§ Mr. Skinnerasked the Secretary of State for Industry whether he will make a statement about the National Enterprise Board's report on British Leyland's 1979 corporate plan.
§ Mr. VarleyI am today placing in the Library of the House a copy of a report from the National Enterprise Board on British Leyland's performance in 1978 and on the company's corporate plan for the years 1979–83. Copies are also available in the Vote Office.
The NEB has concluded that support for the company through 1979 would be justified as enabling the new BL board to continue with the recovery exercise which it set in hand last year. It has therefore recommended that the Government should support BL's corporate plan and approve the injection of 150 million of equity funds by the NEB to assist in meeting the company's financial requirements in 1979. This is significantly less than the £300 million which, at the time of the 1978 corporate plan, BL and the NEB envisaged as being needed during 1979.
The Government have accepted the NEB's recommendations, and I have authorised the necessary commitment of public funds by the NEB. British Leyland's plans continue to be based on the overall public funding limit of £1,000 million recommended in the Ryder report, and the Government remain committed in principle to provide the remainder if required in 1980 and 1981, provided that the company's performance and future prospects, which are reviewed annually on the basis of its corporate plans, continue to justify this.

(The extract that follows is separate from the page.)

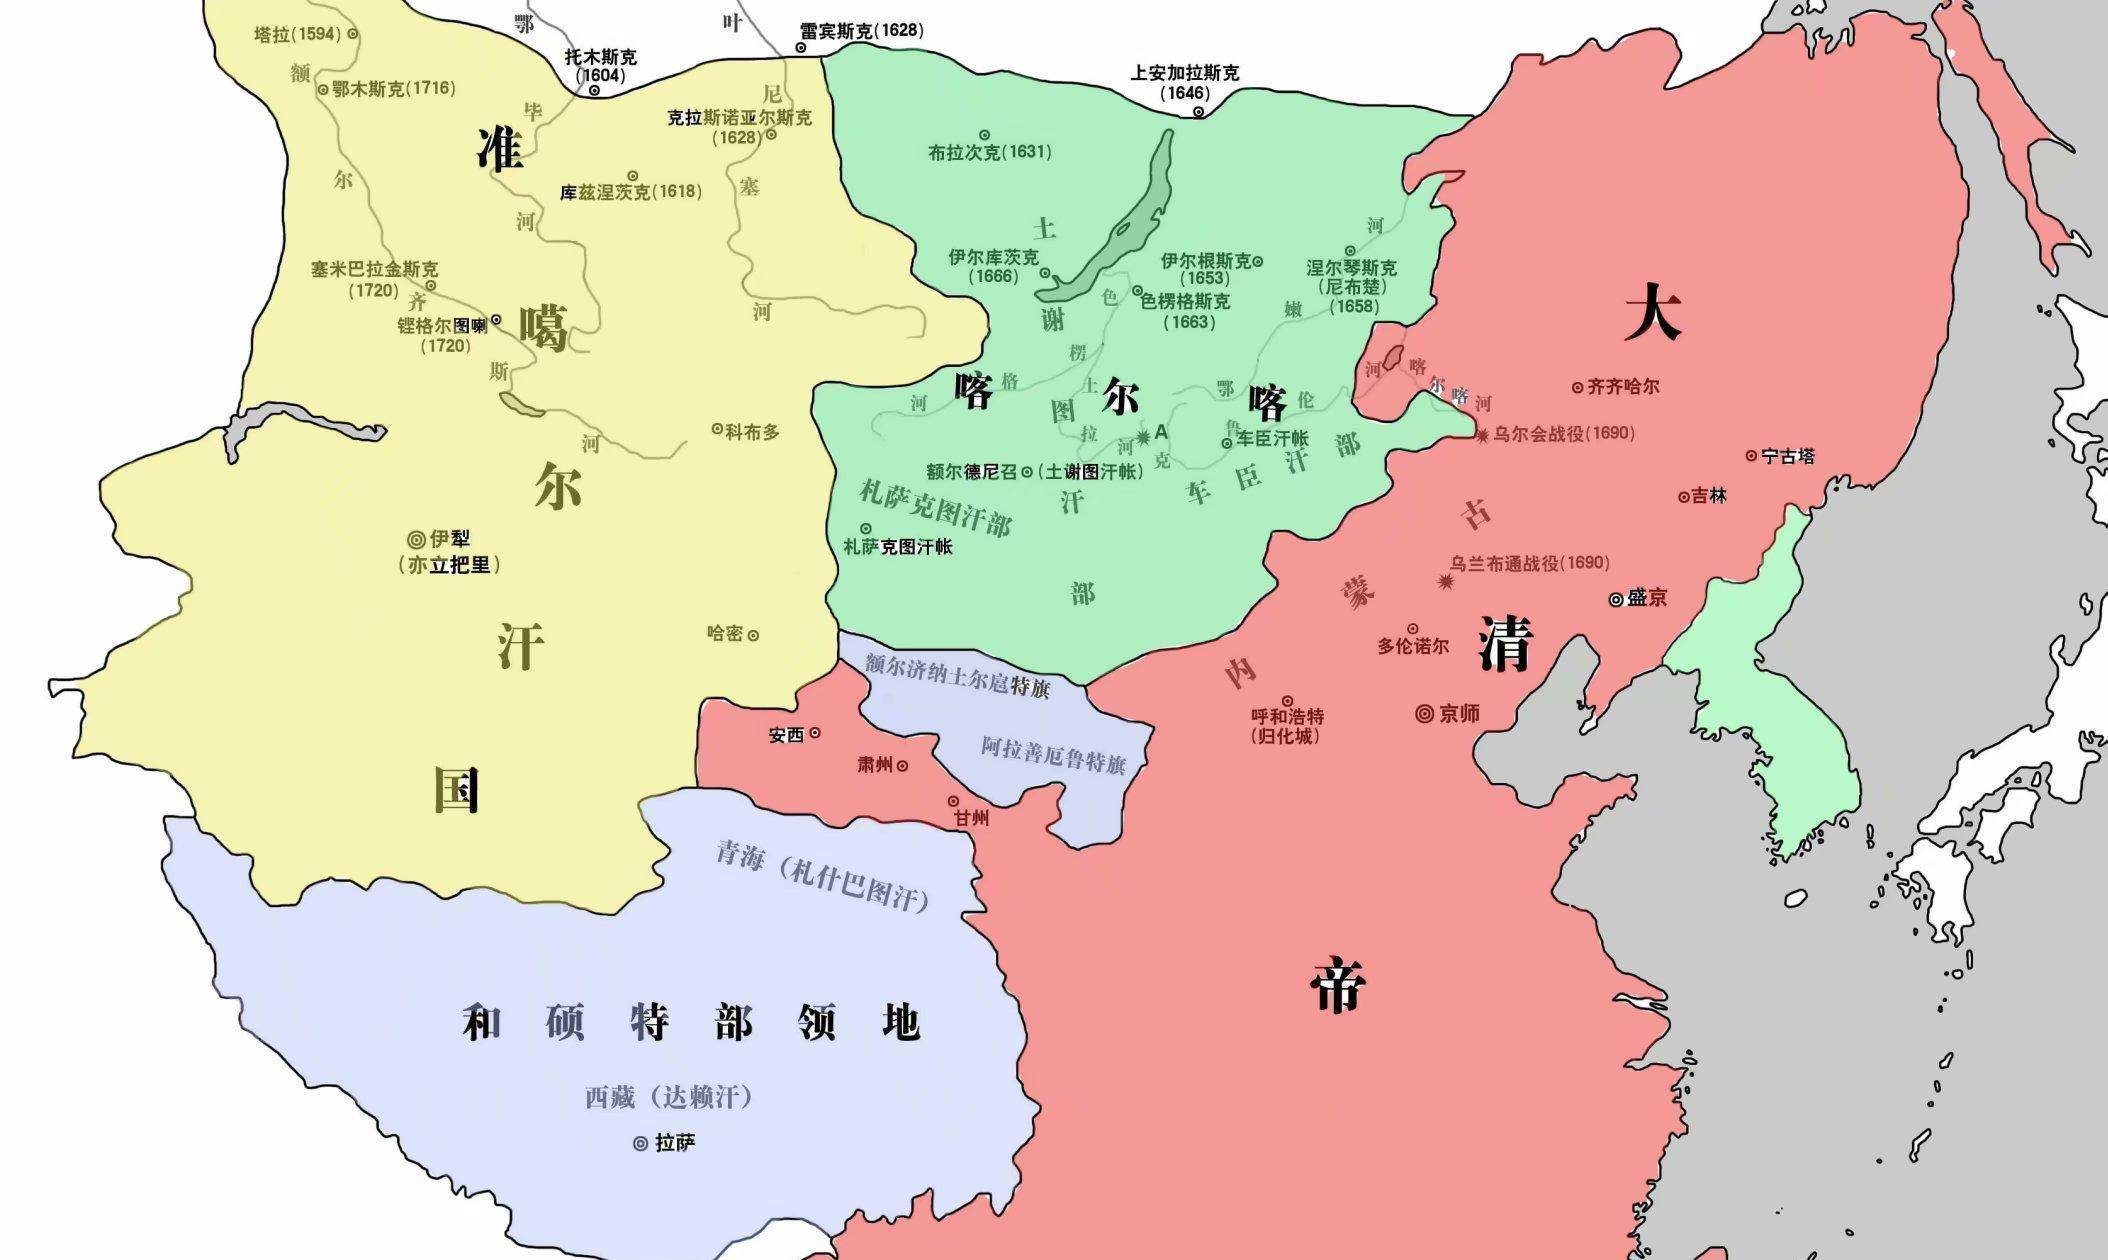 从后金到宣统皇帝退位,清朝百年版图变迁,奠定现代中国疆域

In view of the difficulty of making any precise forecasts of BL's longer-term profitability until the prospects in such vital areas as the improvement of productivity are clearer, the Government have agreed with the NEB that the NEB's existing financial duty to secure a return of 10 per cent. on its investment in BL by 1981 should remain unchanged and that the determination of a financial duty for later years should be considered when the NEB reports on BL's 1980 corporate plan.
479WThe commitment of the NEB funds to BL in 1979 is dependent on the increase in its financial limit provided for in the Industry Bill, which is due to be read a third time today in another place. On the assumption that the Bill becomes law, it is the Government's intention that NEB funds will become the sole source for the tranches of assistance envisaged in the Ryder report and that the use of section 8 of the Industry Act 1972 to provide part of these funds will cease.
While the Government would wish Parliament to have an opportunity for a debate on the NEB's report on BL in due course, we consider that it would be imprudent to risk delay in meeting BL's financial requirements by asking the NEB to withhold its commitment to the 1979 funding until such a debate has taken place.